Shouldn’t we be aiming higher?
“June 2018. I was 34 years old. My youngest child was 16 months old and I’d been back at work for only four months after maternity leave. Life was pretty good. My then partner and I had been talking about trying for another baby.
Then I found a lump.
I thought nothing of it. Despite being fairly health-conscious, I’d somehow absorbed the myths that breast cancer is mostly linked to a family history and that it’s not a younger woman’s disease. I mentioned it to my partner. He said I should get it checked out. I remember thinking, well, you would say that, as at the time his aunt had secondary breast cancer and was in a hospice nearing the end of her life. But I told myself it wouldn’t be cancer.
I booked a GP appointment for the following week. I remember thinking it was probably a clogged duct as I was still breastfeeding. I continued feeding my son and I had a period. The lump was still there. The theory around it being a clogged duct, or that it was probably hormonal, was gradually dissipating.
I went to the GP. She said breast cancer is very rare in young women, so it was probably hormonal. “But it’s a lump,” she said, “so I’ll refer you.”
Knowing what I know now about how many women my age are dismissed, I will forever be grateful to Dr King for making the referral.
Two weeks later I had the appointment. Initial assessment: probably a cyst. Then I went for an ultrasound and everything changed. The rummaging. The repeated images from multiple angles. It went on and on. The radiographer’s demeanour shifted from warm and chatty to concerned and evasive. That’s when the worry set in.
She said she’d send me for a mammogram and then back to her for a biopsy.
After the biopsy, I went back to the doctor who had first examined me and, with what he clearly thought was exemplary bedside manner, he said before I’d even sat down, “I am so surprised. You don’t have any family history. Don’t worry, it looks like it’s early and the treatments are good now.”
I asked, “Is it cancer?”
He said they’d rated it 4 out of 5 in terms of likelihood.
That was enough for me. I didn’t need to wait for the letter.
I called my mum. I collapsed onto something outside the hospital and said, “They said I have cancer.” She didn’t even know I’d been to the hospital. I hadn’t told anyone. Why would I? I wasn’t worried.

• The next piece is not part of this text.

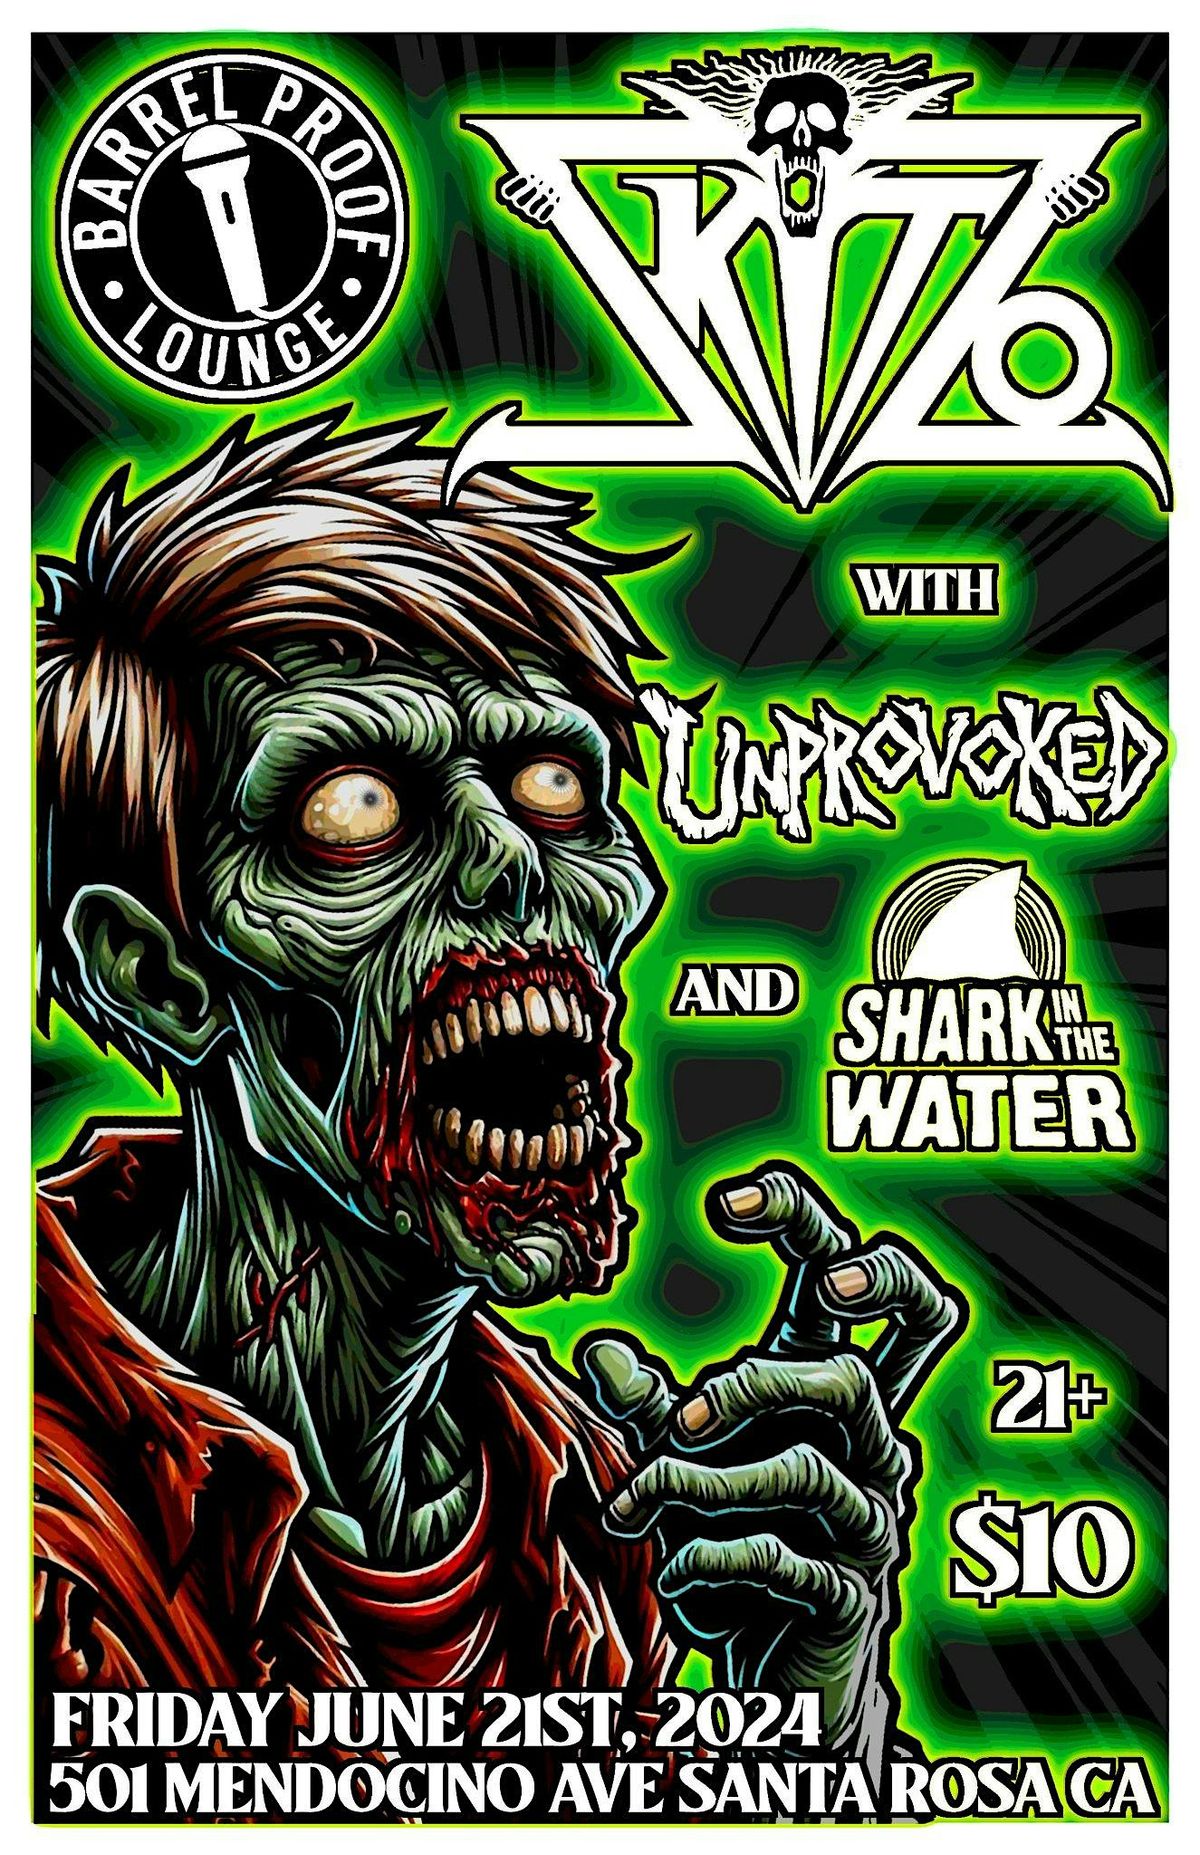 Live  Metal - Skitzo with Unprovoked & Shark in the Water  - Downtown Santa Rosa

The two-week wait for confirmation was intense. The anxiety hinged on the slither of a chance that it wouldn’t be cancer. But if it was, life would change in ways that I couldn’t even begin to comprehend.
Then the confirmation came.
And I moved into practical mode. What now?
They said it was early, that the tumour was 15mm, with no evidence of cancer in my lymph nodes. So probably stage 1. I might not even need chemo. Just surgery, radiotherapy, and hormone therapy for five, maybe ten years.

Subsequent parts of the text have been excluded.